- _How to complete this task_:
Repeat every entry in full. Match each line exactly.
Data supplied Block Start
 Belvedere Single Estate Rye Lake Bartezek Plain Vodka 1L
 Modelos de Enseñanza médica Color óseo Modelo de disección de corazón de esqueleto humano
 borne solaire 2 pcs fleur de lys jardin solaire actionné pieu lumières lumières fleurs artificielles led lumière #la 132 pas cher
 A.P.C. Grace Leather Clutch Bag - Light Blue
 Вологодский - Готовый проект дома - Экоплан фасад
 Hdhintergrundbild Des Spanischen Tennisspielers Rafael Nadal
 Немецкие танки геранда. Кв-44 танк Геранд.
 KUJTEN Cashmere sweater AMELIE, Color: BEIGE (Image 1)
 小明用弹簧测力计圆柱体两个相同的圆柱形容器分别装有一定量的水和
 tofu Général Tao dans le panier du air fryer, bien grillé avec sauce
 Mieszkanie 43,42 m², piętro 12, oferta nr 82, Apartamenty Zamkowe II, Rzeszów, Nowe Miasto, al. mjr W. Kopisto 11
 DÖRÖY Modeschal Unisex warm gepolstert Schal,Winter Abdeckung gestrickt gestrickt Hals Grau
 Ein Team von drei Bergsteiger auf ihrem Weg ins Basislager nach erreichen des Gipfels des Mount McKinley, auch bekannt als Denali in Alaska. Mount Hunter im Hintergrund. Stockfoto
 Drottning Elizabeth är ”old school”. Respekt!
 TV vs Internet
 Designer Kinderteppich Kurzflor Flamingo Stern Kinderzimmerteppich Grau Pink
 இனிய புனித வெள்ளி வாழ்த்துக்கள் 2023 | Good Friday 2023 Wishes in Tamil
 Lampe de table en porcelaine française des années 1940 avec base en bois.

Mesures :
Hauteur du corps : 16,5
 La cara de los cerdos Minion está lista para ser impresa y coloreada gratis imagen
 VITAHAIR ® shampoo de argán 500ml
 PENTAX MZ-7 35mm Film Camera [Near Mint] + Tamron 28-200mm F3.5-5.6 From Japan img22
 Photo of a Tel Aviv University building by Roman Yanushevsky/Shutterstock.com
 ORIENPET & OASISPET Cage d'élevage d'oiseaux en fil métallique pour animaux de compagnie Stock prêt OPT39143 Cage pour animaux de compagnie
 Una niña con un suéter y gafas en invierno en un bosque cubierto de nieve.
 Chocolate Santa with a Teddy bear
Data supplied Block End
- _Reply_:
 Belvedere Single Estate Rye Lake Bartezek Plain Vodka 1L
 Modelos de Enseñanza médica Color óseo Modelo de disección de corazón de esqueleto humano
 borne solaire 2 pcs fleur de lys jardin solaire actionné pieu lumières lumières fleurs artificielles led lumière #la 132 pas cher
 A.P.C. Grace Leather Clutch Bag - Light Blue
 Вологодский - Готовый проект дома - Экоплан фасад
 Hdhintergrundbild Des Spanischen Tennisspielers Rafael Nadal
 Немецкие танки геранда. Кв-44 танк Геранд.
 KUJTEN Cashmere sweater AMELIE, Color: BEIGE (Image 1)
 小明用弹簧测力计圆柱体两个相同的圆柱形容器分别装有一定量的水和
 tofu Général Tao dans le panier du air fryer, bien grillé avec sauce
 Mieszkanie 43,42 m², piętro 12, oferta nr 82, Apartamenty Zamkowe II, Rzeszów, Nowe Miasto, al. mjr W. Kopisto 11
 DÖRÖY Modeschal Unisex warm gepolstert Schal,Winter Abdeckung gestrickt gestrickt Hals Grau
 Ein Team von drei Bergsteiger auf ihrem Weg ins Basislager nach erreichen des Gipfels des Mount McKinley, auch bekannt als Denali in Alaska. Mount Hunter im Hintergrund. Stockfoto
 Drottning Elizabeth är ”old school”. Respekt!
 TV vs Internet
 Designer Kinderteppich Kurzflor Flamingo Stern Kinderzimmerteppich Grau Pink
 இனிய புனித வெள்ளி வாழ்த்துக்கள் 2023 | Good Friday 2023 Wishes in Tamil
 Lampe de table en porcelaine française des années 1940 avec base en bois.

Mesures :
Hauteur du corps : 16,5
 La cara de los cerdos Minion está lista para ser impresa y coloreada gratis imagen
 VITAHAIR ® shampoo de argán 500ml
 PENTAX MZ-7 35mm Film Camera [Near Mint] + Tamron 28-200mm F3.5-5.6 From Japan img22
 Photo of a Tel Aviv University building by Roman Yanushevsky/Shutterstock.com
 ORIENPET & OASISPET Cage d'élevage d'oiseaux en fil métallique pour animaux de compagnie Stock prêt OPT39143 Cage pour animaux de compagnie
 Una niña con un suéter y gafas en invierno en un bosque cubierto de nieve.
 Chocolate Santa with a Teddy bear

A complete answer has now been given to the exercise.